In particular it won't hold if $m$ or $n$ contain pertainent information that gets "cancelled out".

They hold for integer $n,m$ by basic definition ($(b^3)^5 = (bbb)(bbb)(bbb)(bbb)(bbb)(bbb) = (bbbbbbbbbbbbbbb) = b^{15}$) but they break down for more precise definitions.

If $c > 0$ then there exists one and only one distinct positive real number, $c$, where $c^n = b$ so it "makes sense" to define $b^{1/n} = c$ (that way we can have $(b^{1/n})^n = c^n = b = b^1 = b^{\frac 1n n}$). A little handwaving but defining $b^{m/n} = \sqrt[n]{b}^m$ and $(b^r)^s=b^{rs}$ clearly holds for $b > 0$ and $r,s \in \mathbb Q$.

But note we immediately have problems with $b < 0$. There is no distinct $c^{2n} = b$ so we can't define $b^{1/2n}$ and as $(-b)^{2n}= b^{2n}$ we get ambiguities. So for odd$m,n$, $((-b)^{2m})^{n/2}=(b^{2m})^{n/2} = b^{mn}\ne (-b)^{mn}$.

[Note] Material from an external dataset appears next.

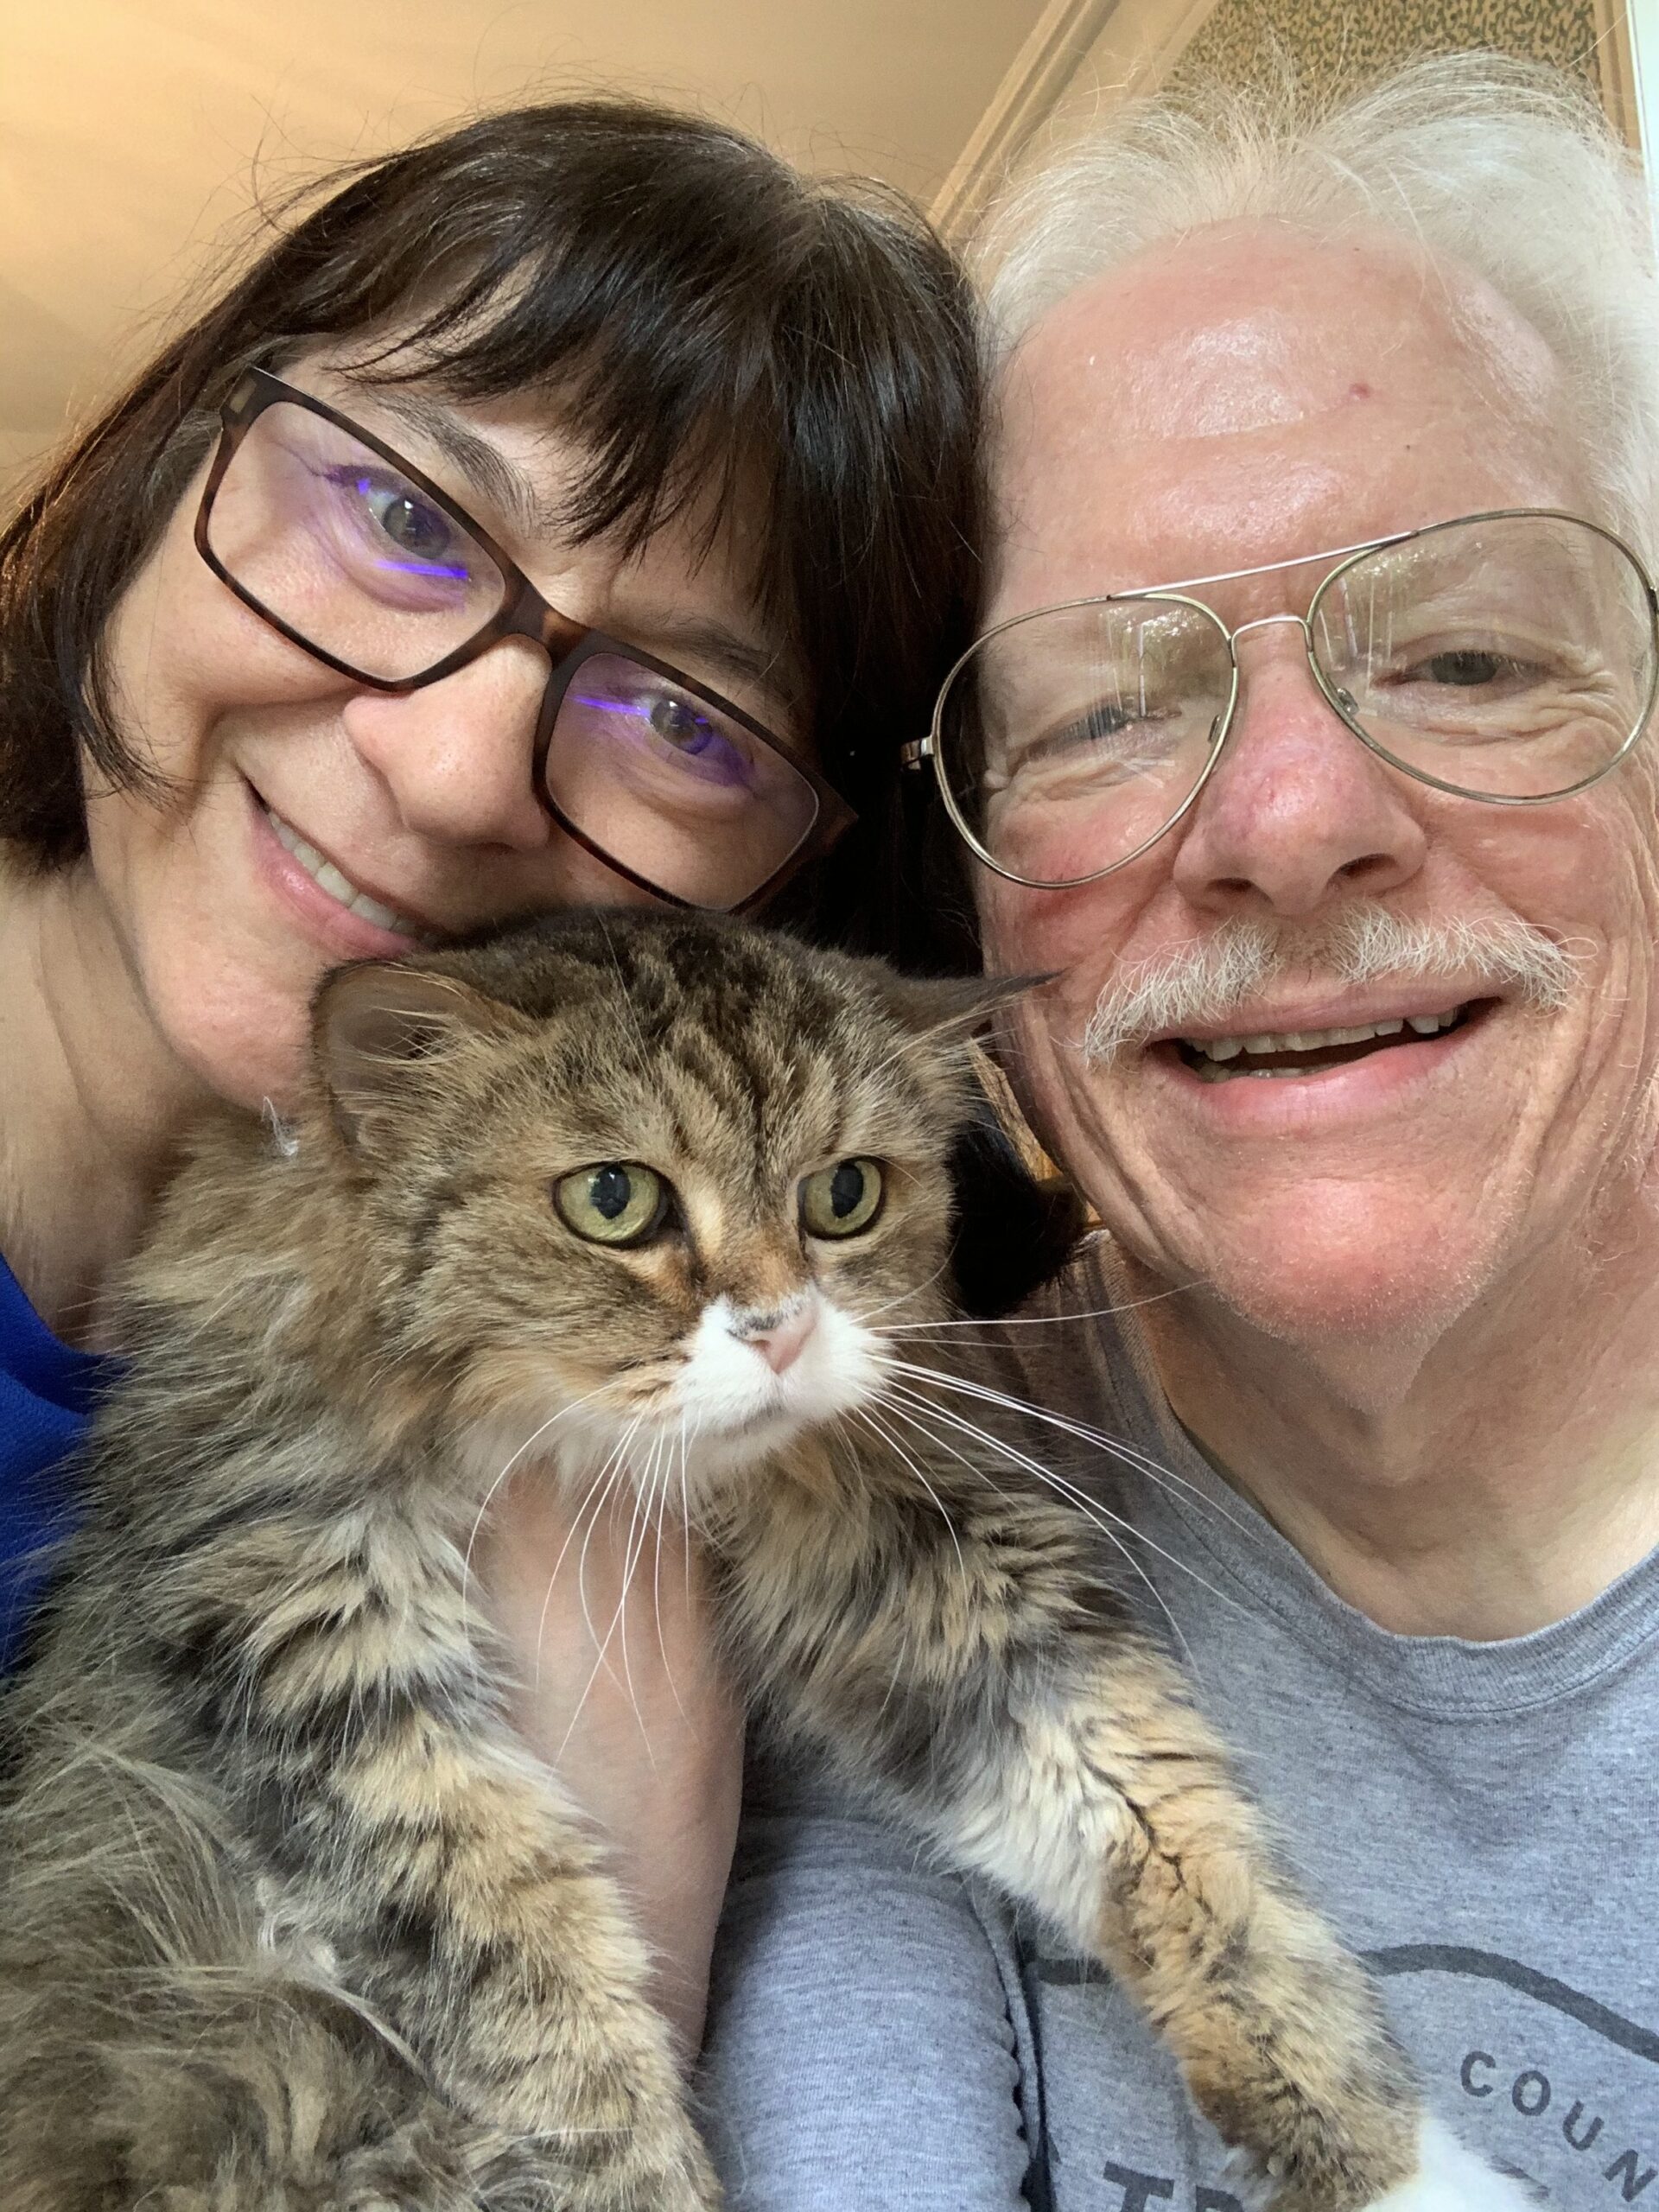 Paul Pratt is pictured with his spouse Denise Chrysler and their pet cat Marbury in this May, 2020 photo.

So whats going on? Well, I view it as $(-b)^2$ has important information ($-b$ is negative) that is lost when rising to an even power. so although $((-b)^n)^m) = (-b)^{nm}$ for odd $n,m$ if $n$ is even and its "evenness" is "cancelled out" out if $m = k/2$ we lose $-b$ being negative.

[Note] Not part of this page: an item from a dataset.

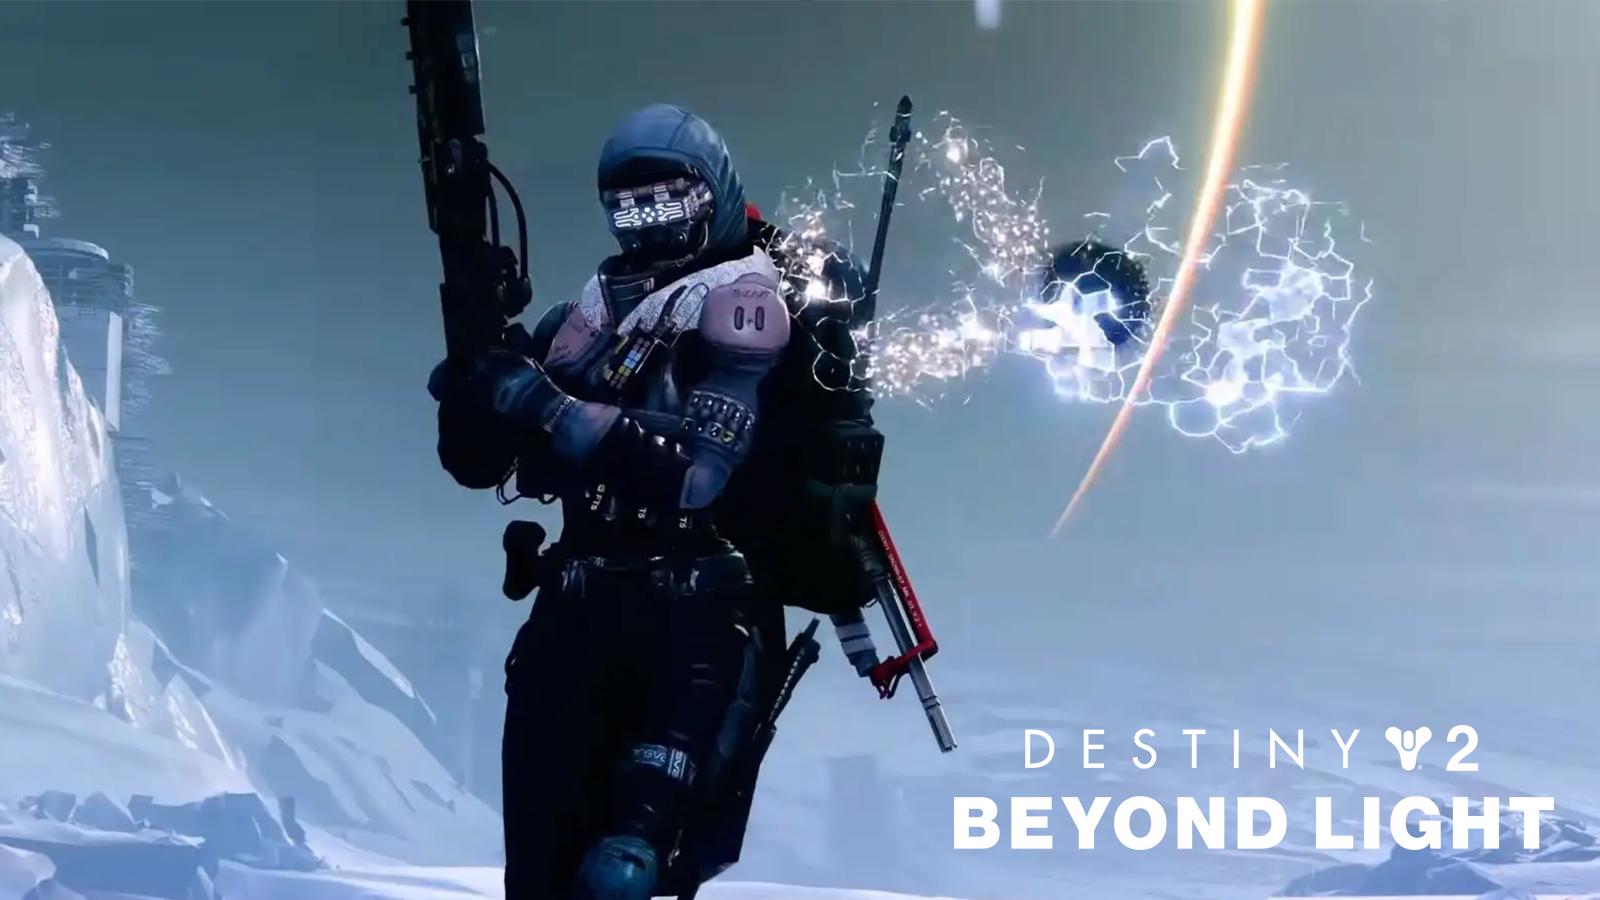 Tips For Getting Started In Destiny 2: Beyond Light

It's similar for $e^{a+bi} = e^a(\cos a + i \sin b)$. A key component is that we are raising to a non-real complex power. If we raise to an inverse power and "flatten it out" $(e^{a+bi})^{1/(a+bi)}= (e^a(\cos a + i \sin b))^{1/(a+bi)}$ will lose all complex information if we cancel out first. $e^{(a+bi)*\frac{1}{a+bi}} = e^1$ simply isn't compatible with the definition of complex powers.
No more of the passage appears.